13. The petitioner, in our opinion, was eligible to make a declaration under the aforesaid Scheme as on June 19, 2019. The petitioner has admitted the liability to pay the service tax in the communication dated June 19, 2019, which was duly acknowledged by the

14. The impugned communications issued to the petitioner, which are questioned in this petition, are contrary to the very object, which has been clarified by the Government of India, Ministry of Finance, Department of Revenue, Central Board of Indirect Taxes and Customs in its Circular dated August 27, 2019, particularly clause (g), which reads thus :

“(g) Cases under an enquiry, investigation or audit where the duty demand has been quantified on or before the 30th day of June, 2019 are eligible under the Scheme. Section 2(r) defines “quantified” as a written communication of the amount of duty payable under the indirect tax enactment.

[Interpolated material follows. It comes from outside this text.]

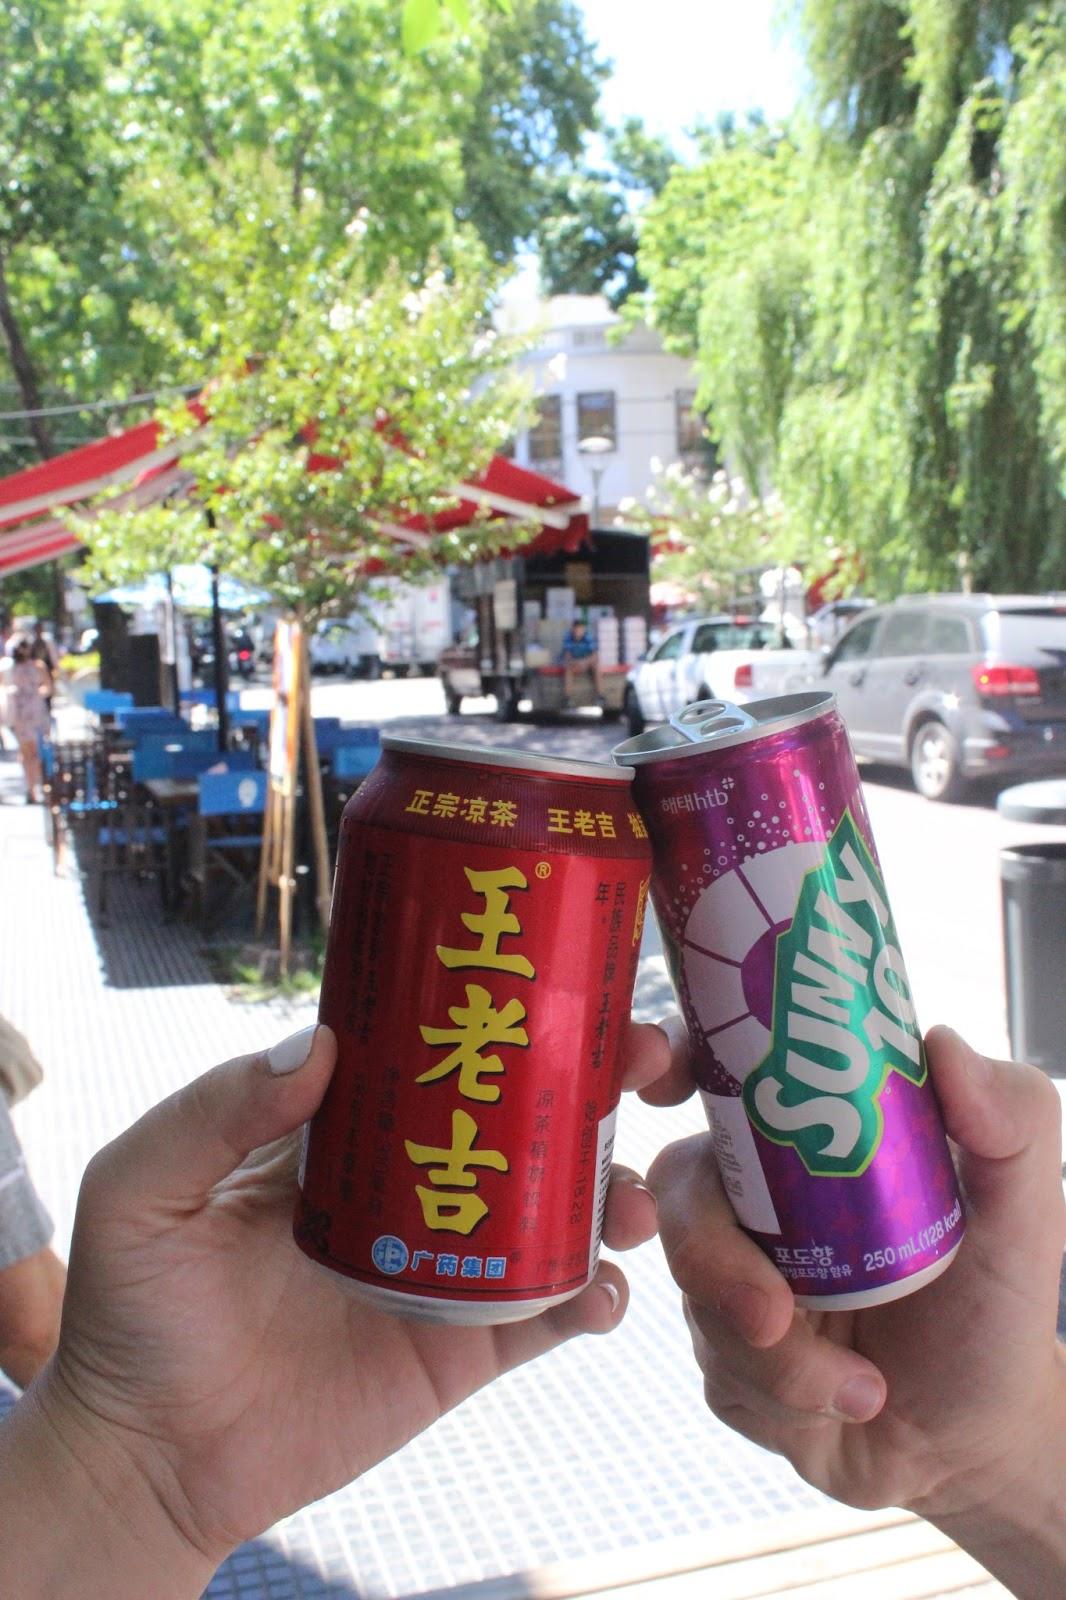 bebidas barrio chino

It is clarified that such written communication will include a letter intimating duty demand; or duty liability admitted by the person during enquiry, investigation or audit; or audit report etc.”

15. In the aforesaid background, we are of the view that the stand taken by the respondents so as to claim that the petitioner was not eligible in terms of Section 123 of the Finance Act, 2019 cannot be accepted in view of the admission of liability already communicated.

16. In the wake of the above findings, we are of the view that the impugned communication dated February 11, 2020 issued to the petitioner, produced at Annexure-7, thereby rejecting the online application of the petitioner and consequently the impugned show cause notice dated June 25, 2020, produced at Annexure-10, are not sustainable and are liable to be quashed and set aside and are accordingly quashed and set aside.

We remand the matter back to the respondent No.2-The Designated Committee of SVLDRS to consider the declaration of the petitioner dated December 05, 2019 in the wake of admission given by the petitioner in his communication dated June 19, 2019 afresh as a valid declaration in terms of the Scheme under the category of ‘investigation, enquiry and audit’ and may proceed to grant the consequential relief to the petitioner.

We direct the respondent No.2 to provide an opportunity of hearing to the petitioner and pass a speaking order.

Let the aforesaid exercise be completed by the respondent No.2 within a period of twelve weeks from the date of production of this judgment and order.

17. Rule There shall be no order as to costs.